▸ **Given information**:
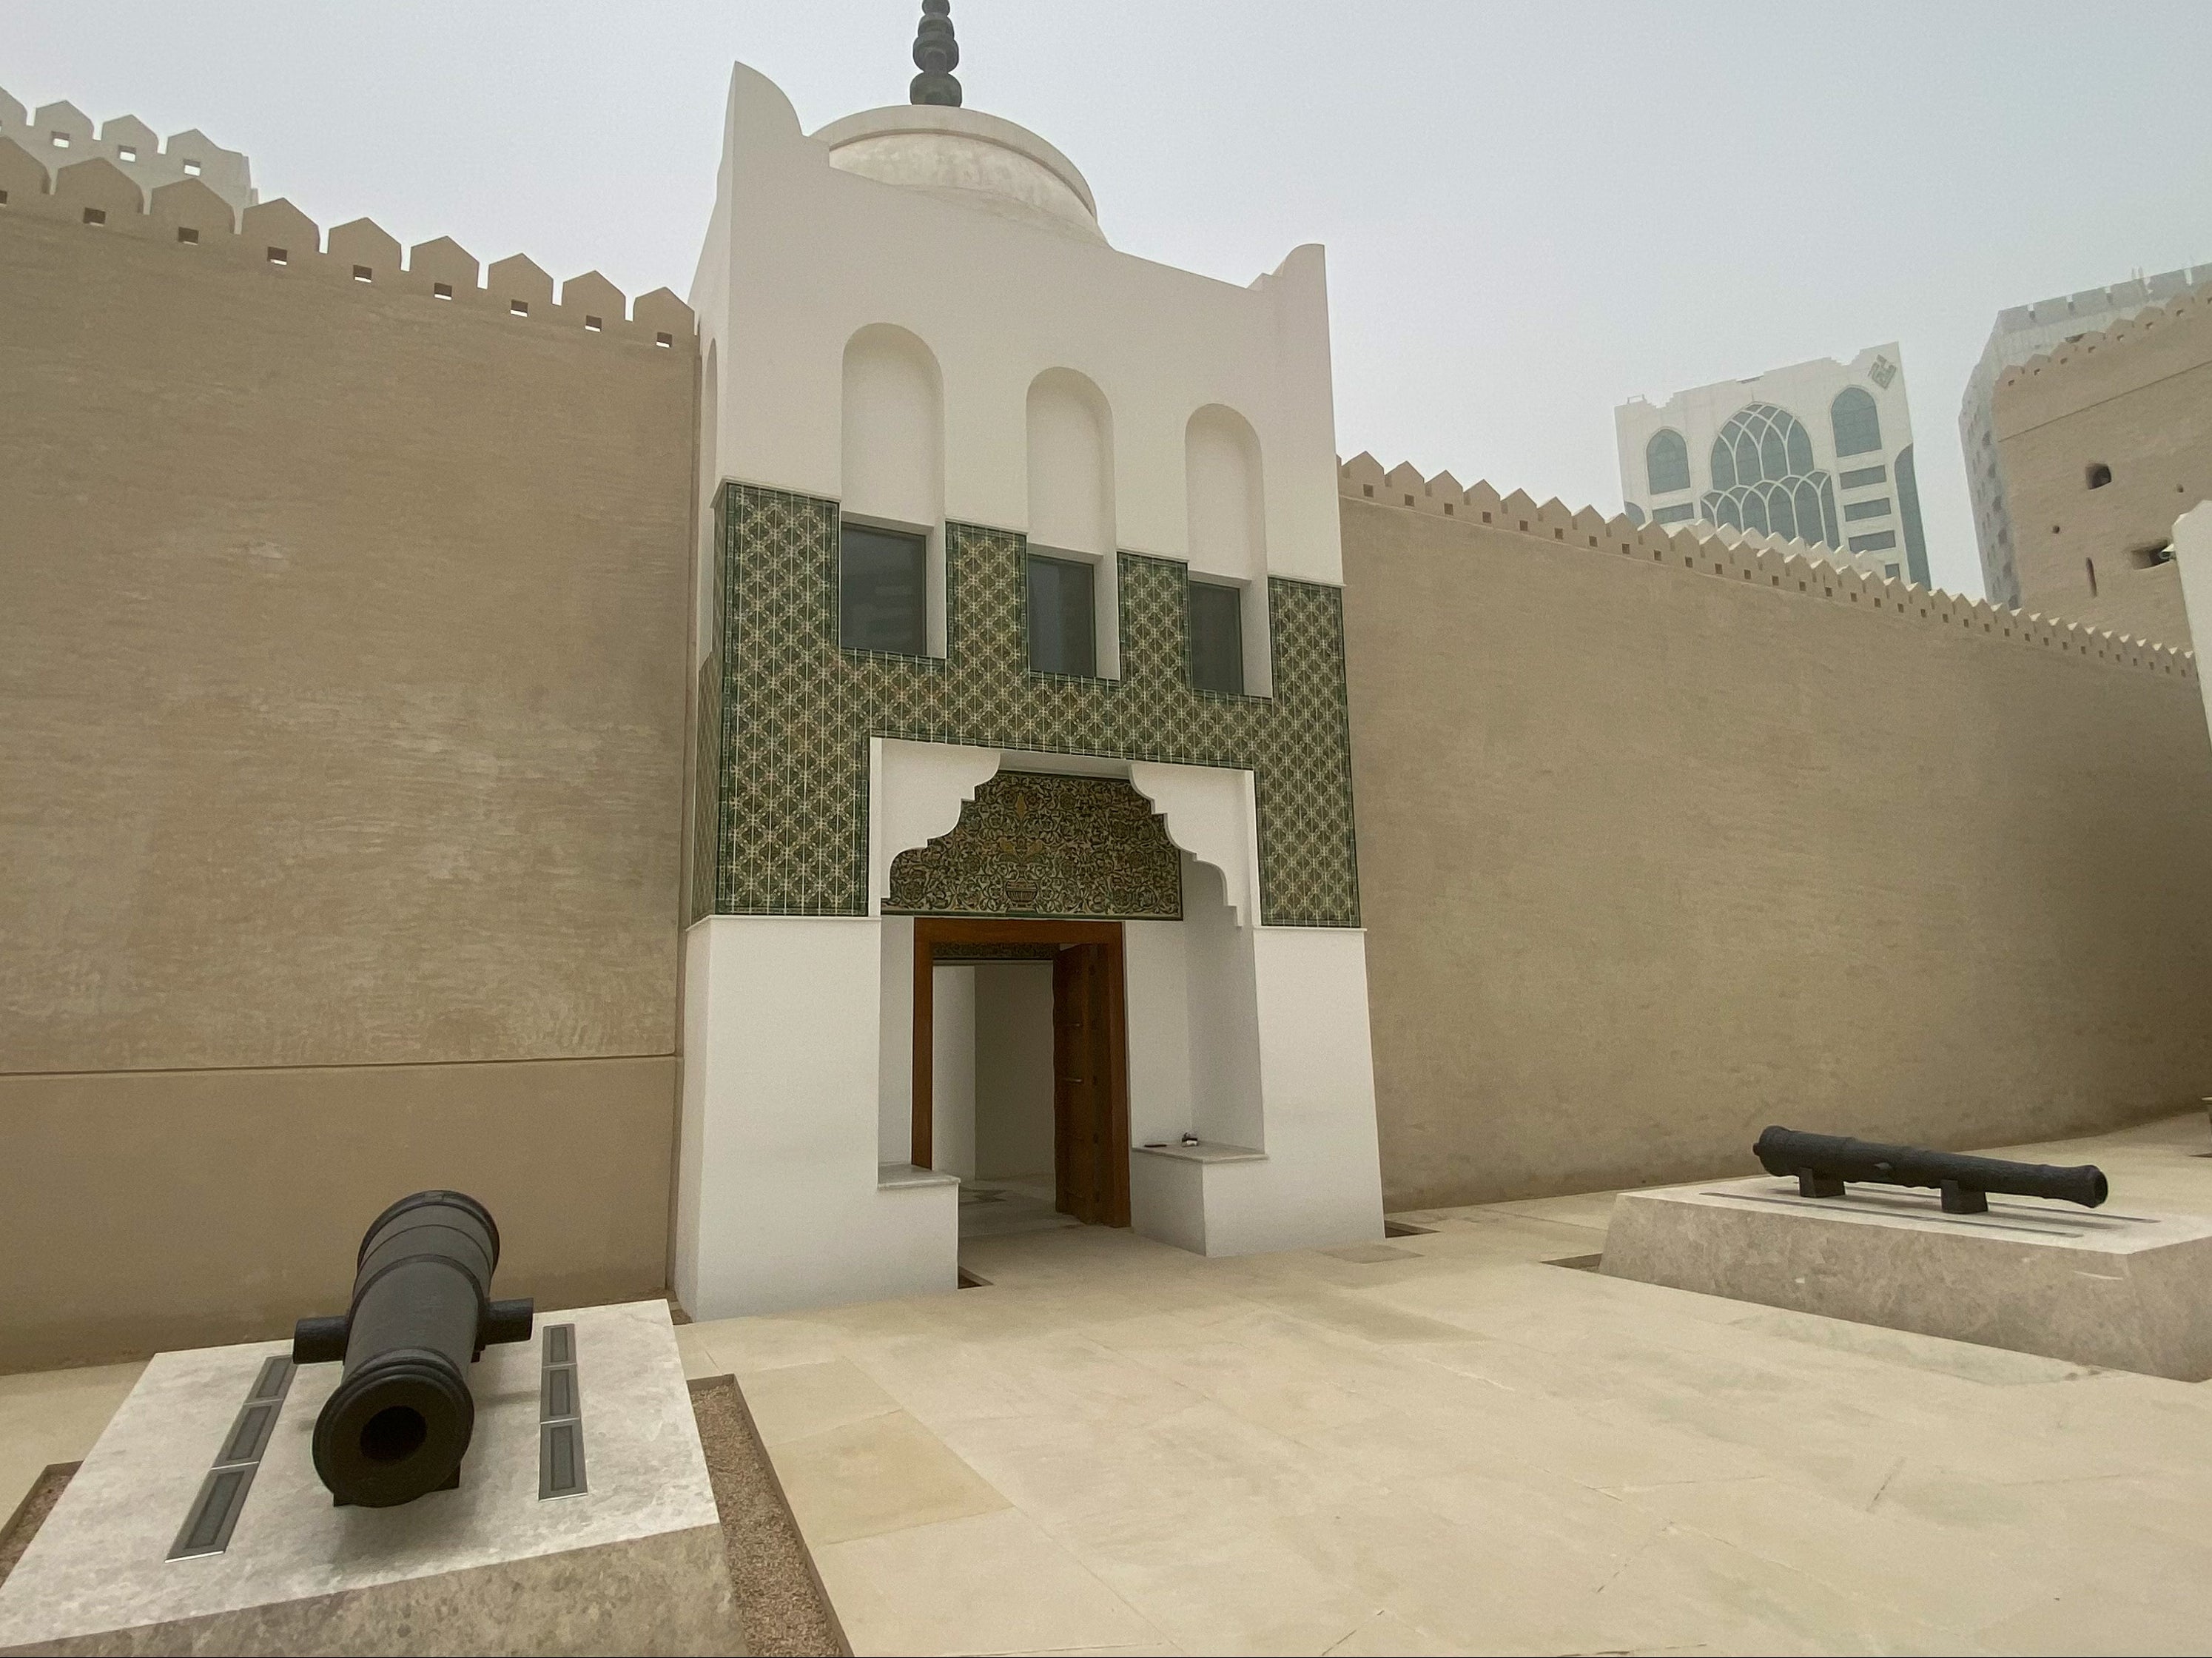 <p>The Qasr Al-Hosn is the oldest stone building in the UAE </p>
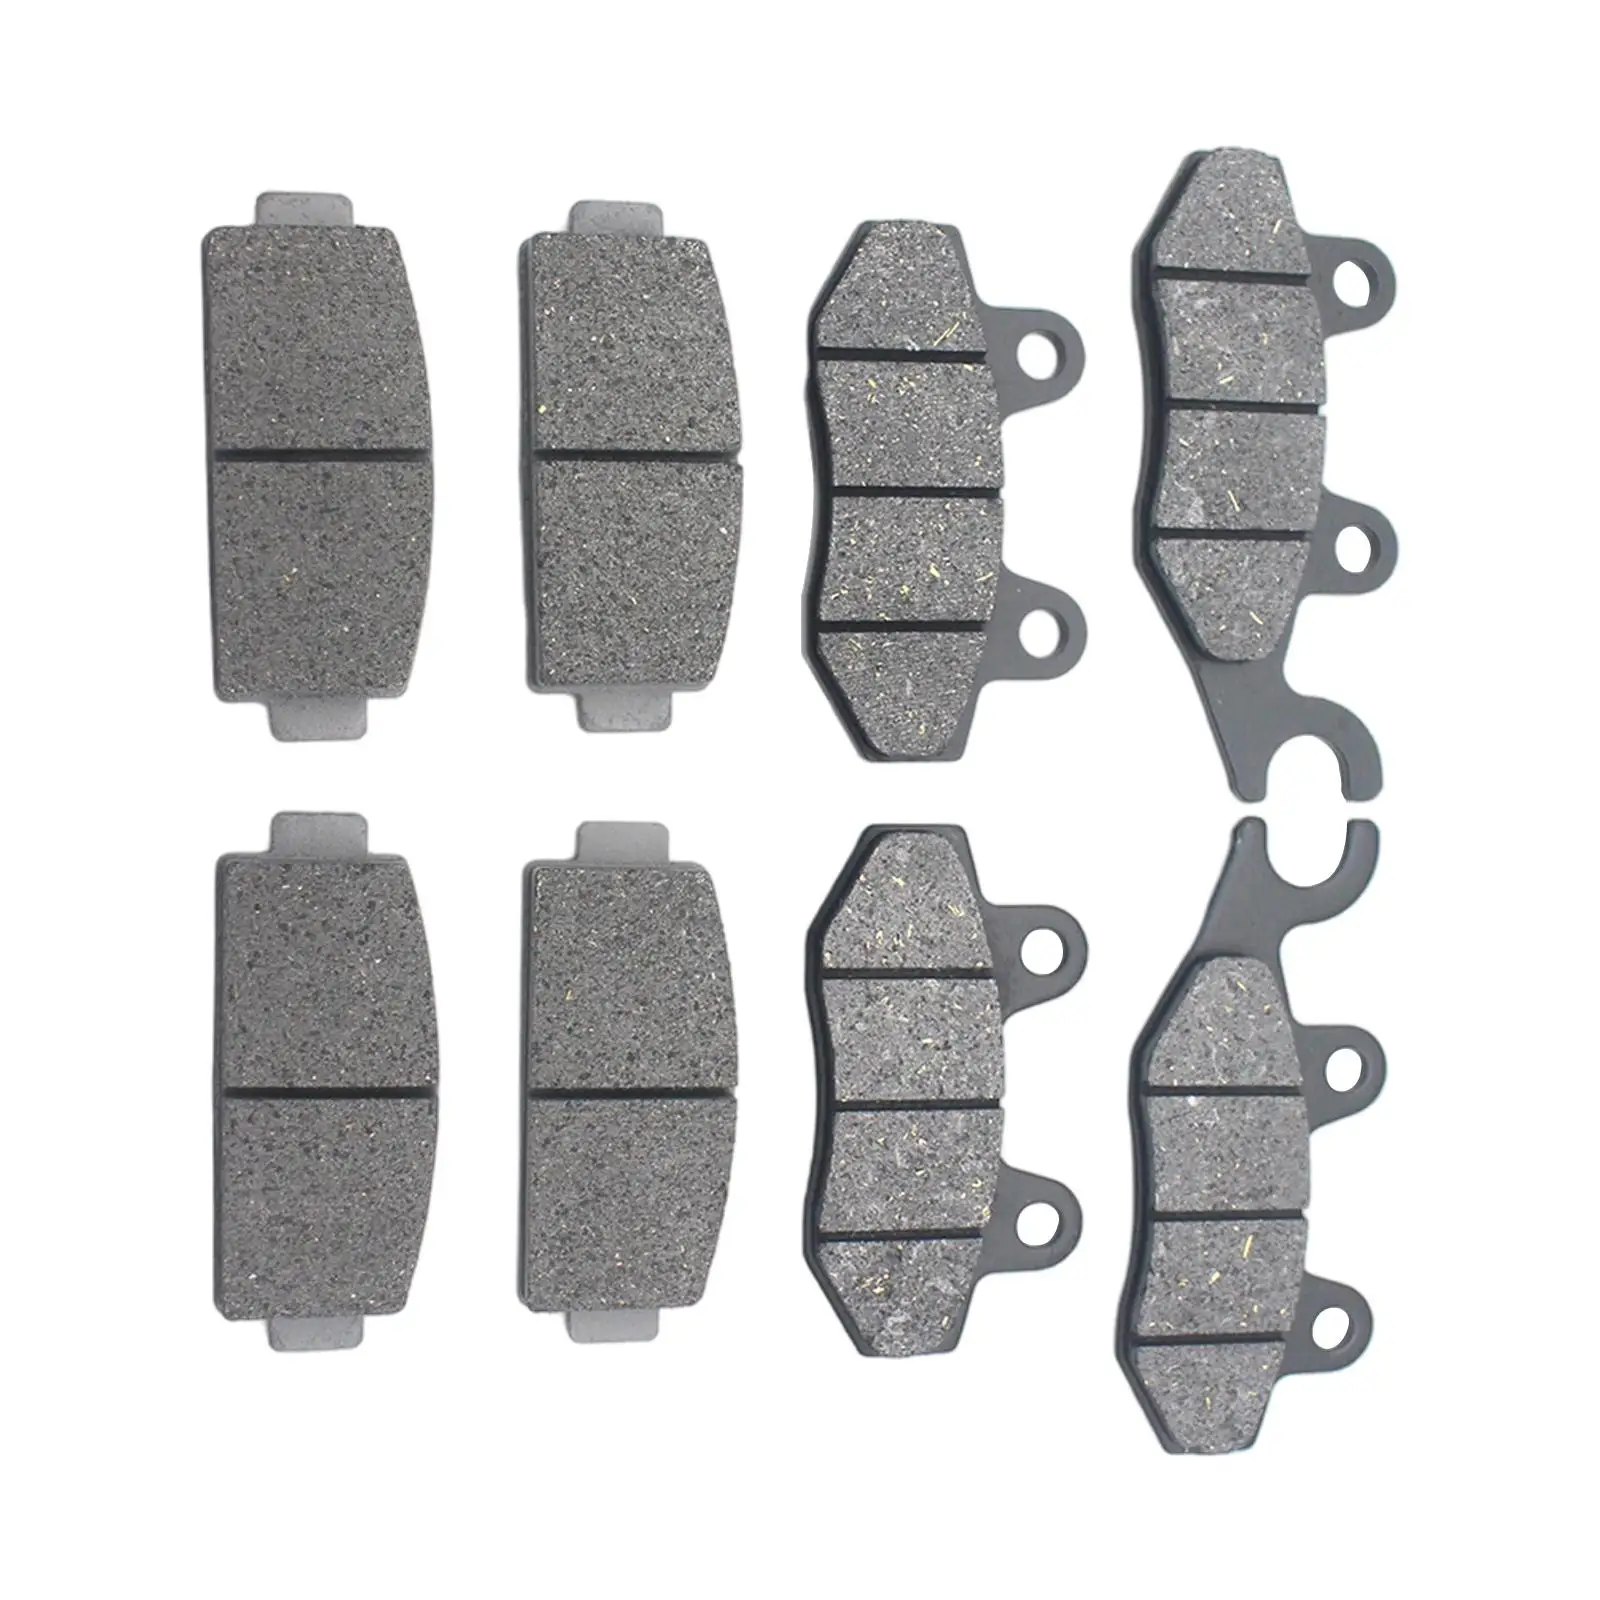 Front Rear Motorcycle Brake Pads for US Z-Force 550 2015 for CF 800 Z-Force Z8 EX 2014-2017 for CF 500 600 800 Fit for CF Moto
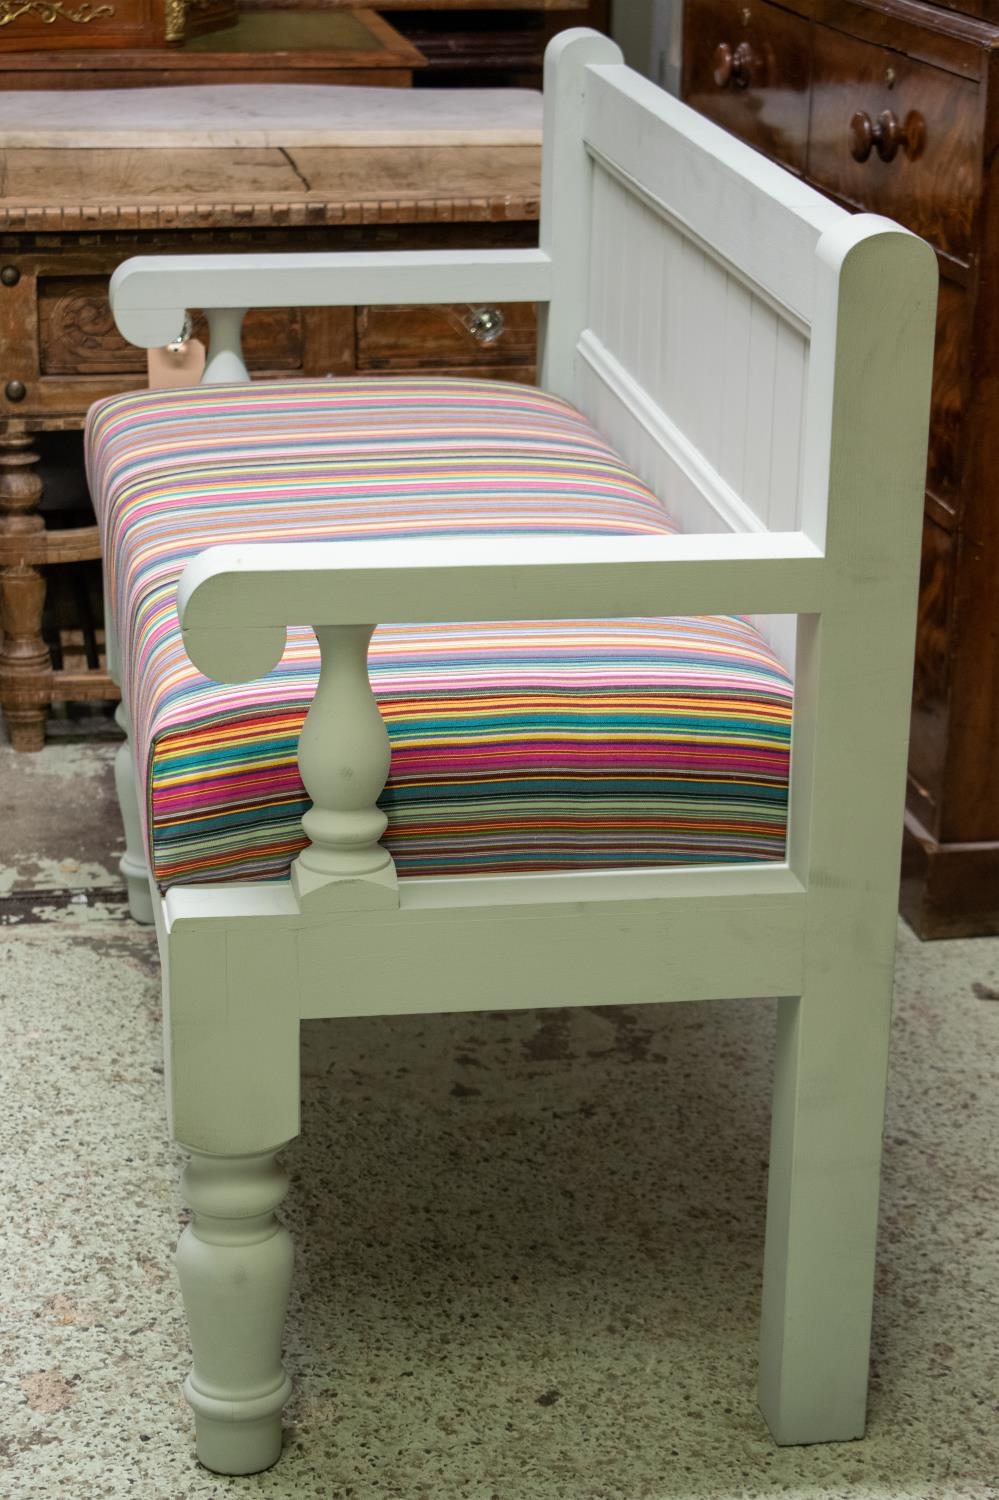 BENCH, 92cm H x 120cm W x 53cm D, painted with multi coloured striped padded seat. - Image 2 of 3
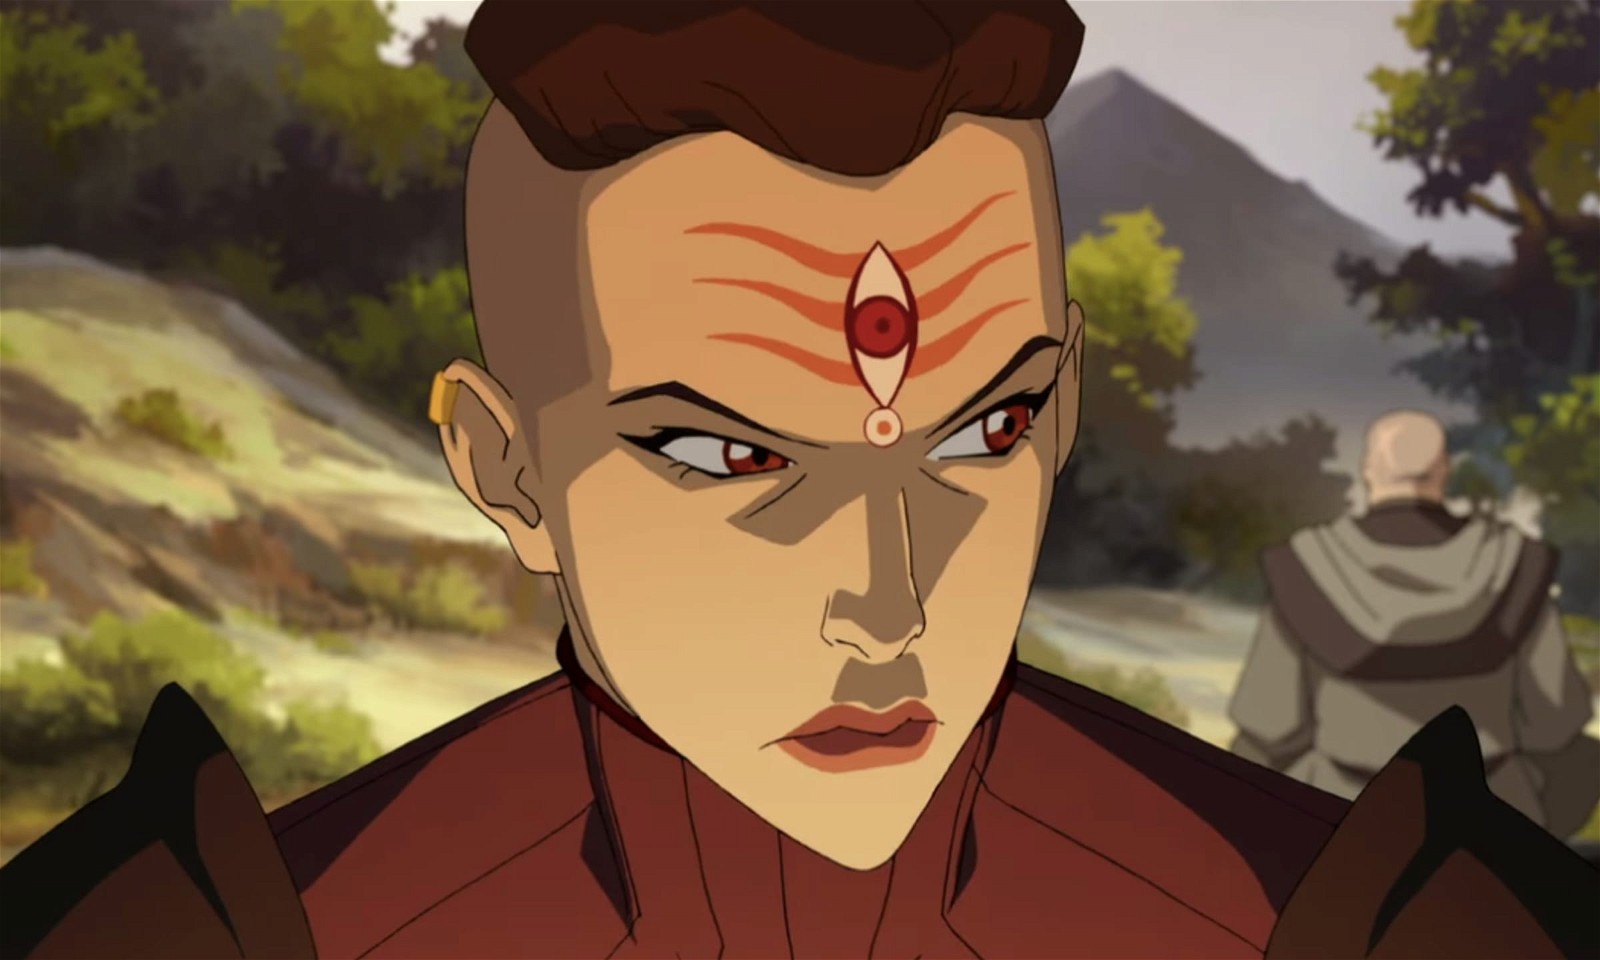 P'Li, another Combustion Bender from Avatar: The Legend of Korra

▸ **Try it**: Hand back the data exactly as it appears, with all pictures cut.

▸ **Answer area**:
 <p>The Qasr Al-Hosn is the oldest stone building in the UAE </p>
 Front Rear Motorcycle Brake Pads for US Z-Force 550 2015 for CF 800 Z-Force Z8 EX 2014-2017 for CF 500 600 800 Fit for CF Moto
 BENCH, 92cm H x 120cm W x 53cm D, painted with multi coloured striped padded seat. - Image 2 of 3
 P'Li, another Combustion Bender from Avatar: The Legend of Korra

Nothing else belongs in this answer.